🤖 AI Summary
This work addresses the lack of systematicity and convergence guarantees in existing self-correction methods for large language models, which often rely on generic prompts. We propose a closed-loop self-correction framework grounded in control theory, featuring a tri-modal error detector that integrates self-consistency checks, linguistic confidence estimation, and chain-of-thought validation to identify errors. A type-aware correction controller then generates targeted repair instructions, while a convergence judge—designed using stability criteria—ensures iterative refinement terminates appropriately. Evaluated on our newly constructed CyberCorrect-Bench, the method achieves 79.8% accuracy, outperforming the best baseline by 6.2 percentage points and reducing overshoot rate by 41%. Additionally, we introduce three dynamic evaluation metrics—convergence rate, overshoot rate, and oscillation rate—to provide theoretical grounding for iterative error correction.
📝 Abstract
Large language model (LLM) self-correction -- the ability to detect and fix errors in generated outputs -- remains largely ad hoc, relying on generic prompts such as "please reconsider your answer" without systematic error analysis or convergence guarantees. We propose CyberCorrect, a framework that formalizes LLM self-correction as a closed-loop control system grounded in cybernetic theory. The framework models the LLM generator as the plant and introduces a tri-modal Error Detector (combining self-consistency, verbalized confidence, and logic-chain verification) as the sensor. A type-directed Correction Controller generates targeted repair instructions based on diagnosed error categories, while a Convergence Judge determines iteration termination using stability criteria adapted from control theory.

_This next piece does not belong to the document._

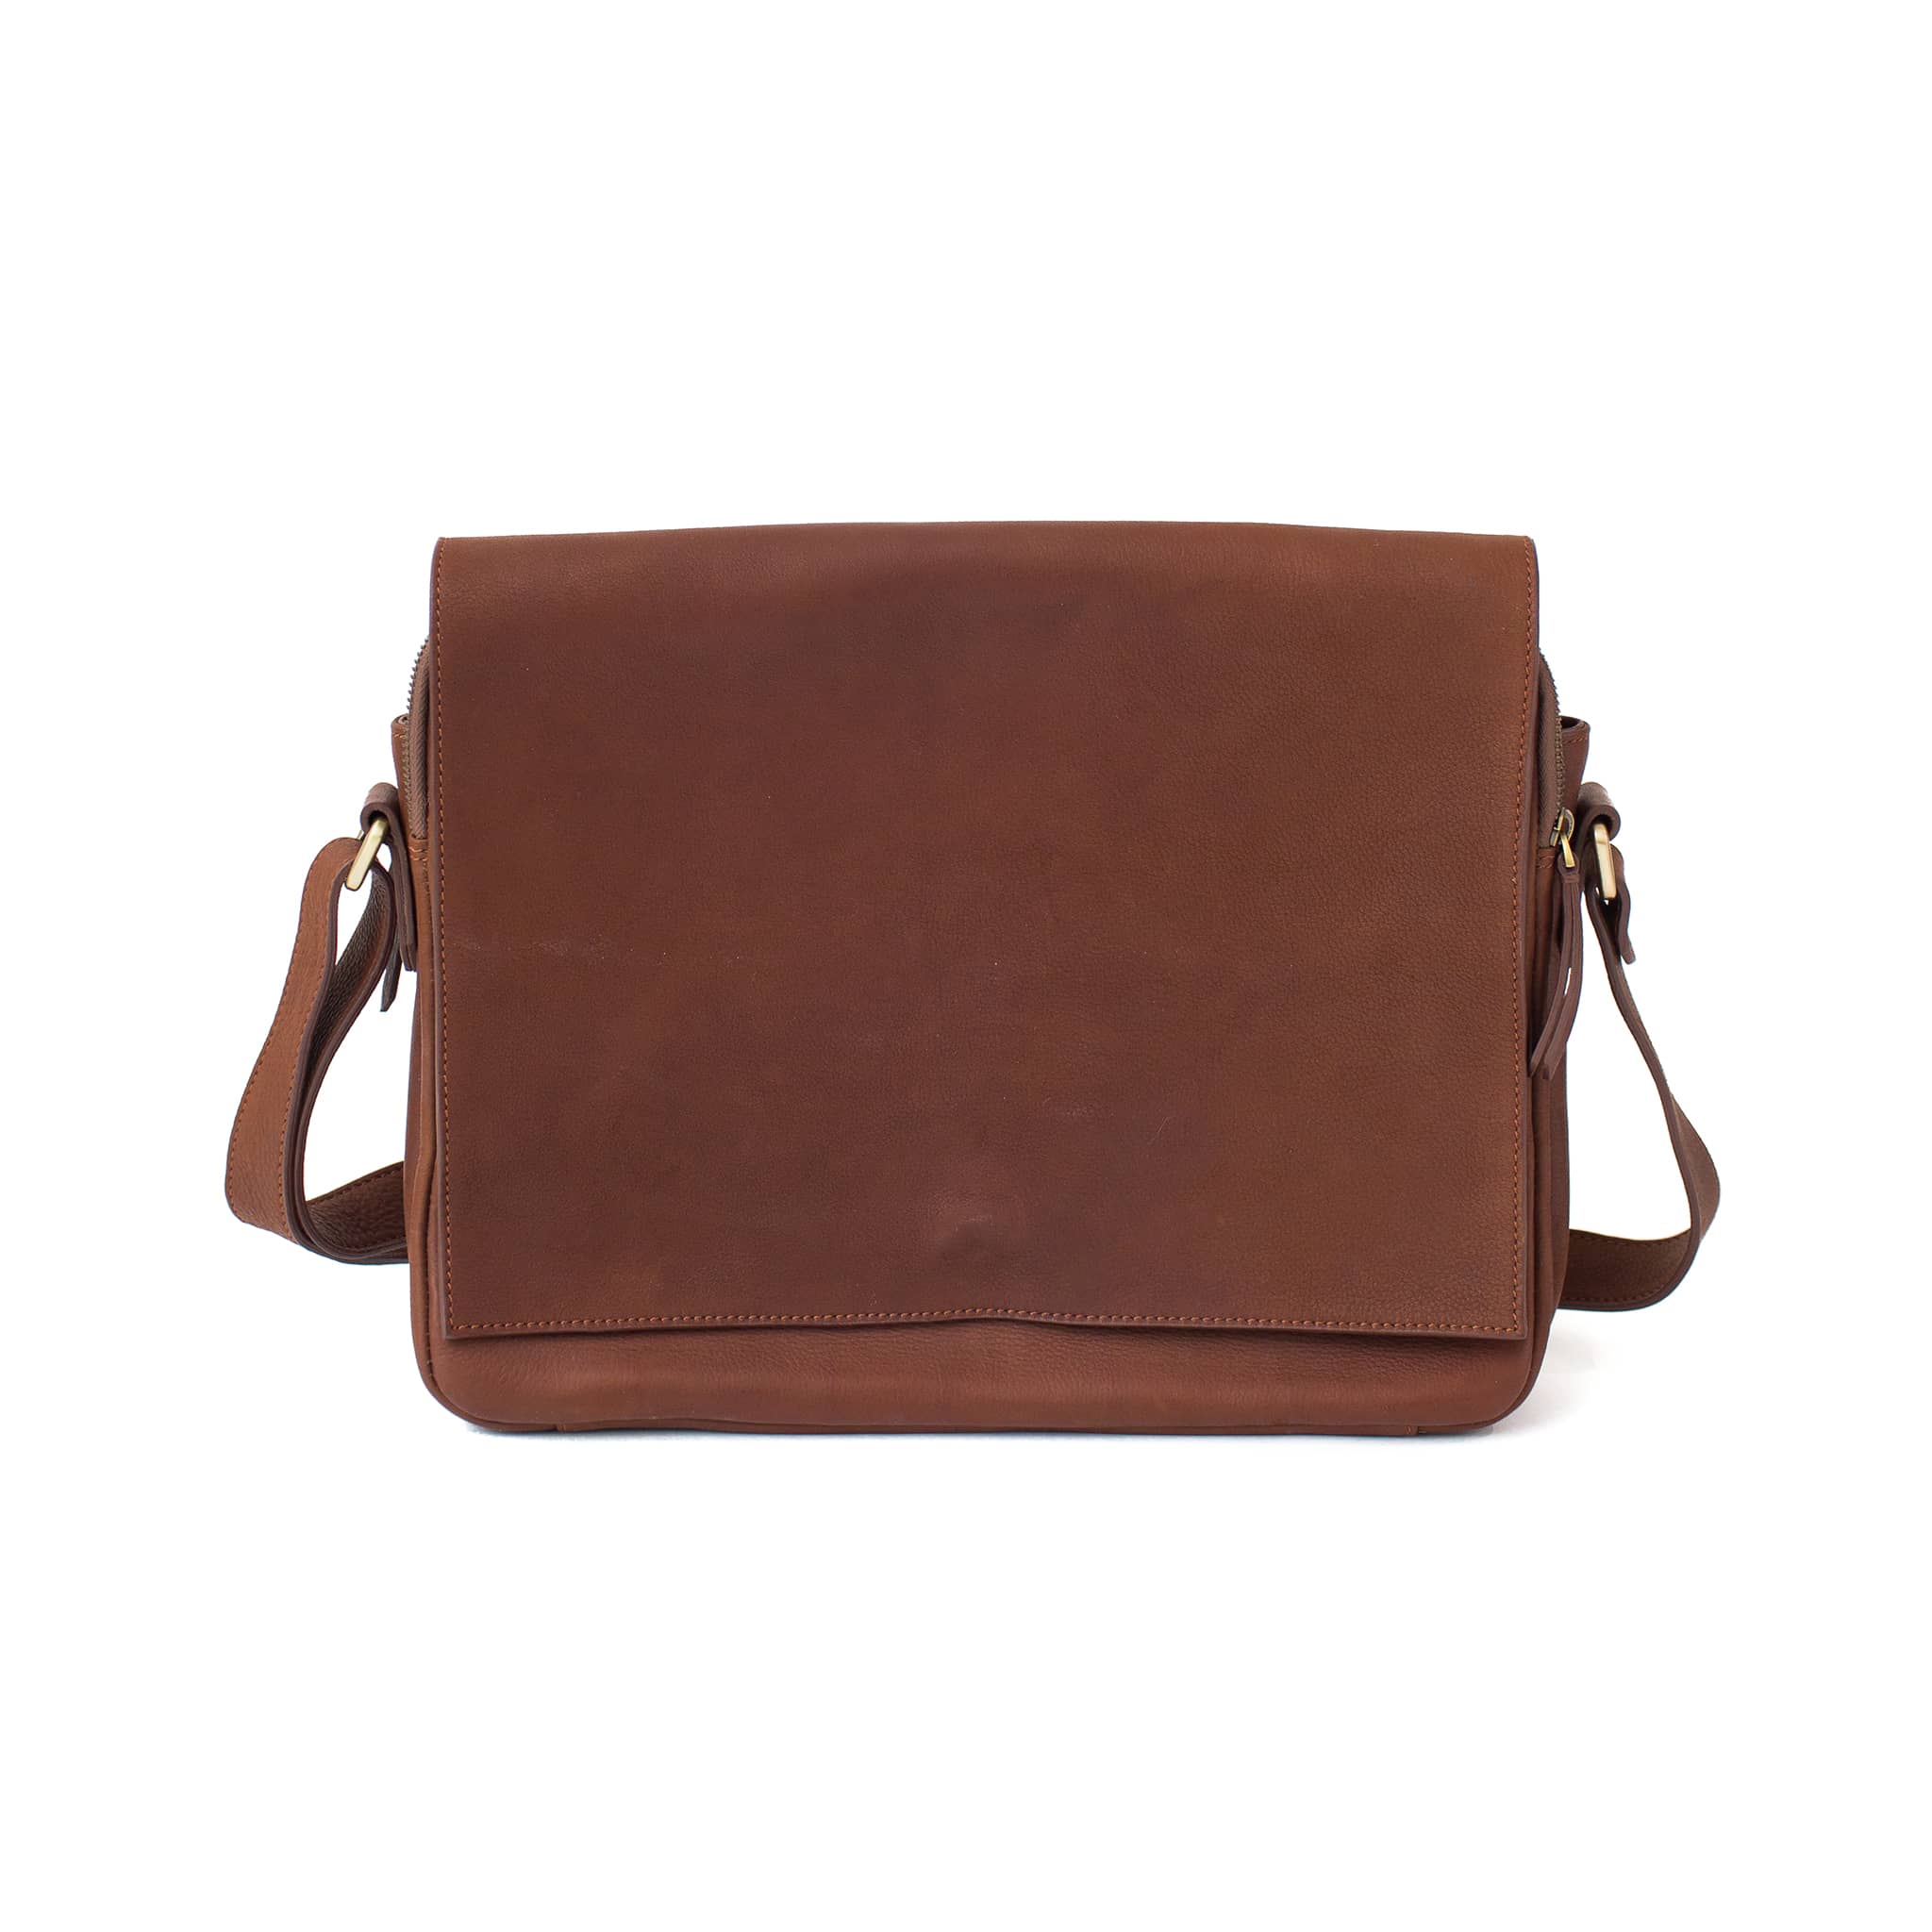 Ford messenger brown walnut raw leather unisex bag in has a minimal, classic style.

We further introduce three control-theoretic evaluation metrics -- convergence rate, overshoot rate, and oscillation rate -- that capture correction dynamics beyond final accuracy. Experiments on our constructed CyberCorrect-Bench (440 reasoning tasks with annotated error types and correction paths) show that CyberCorrect achieves 79.8% final accuracy, improving upon the best existing self-correction method by 6.2 percentage points, while reducing overshoot (erroneous over-correction) by 41% through its convergence control mechanism.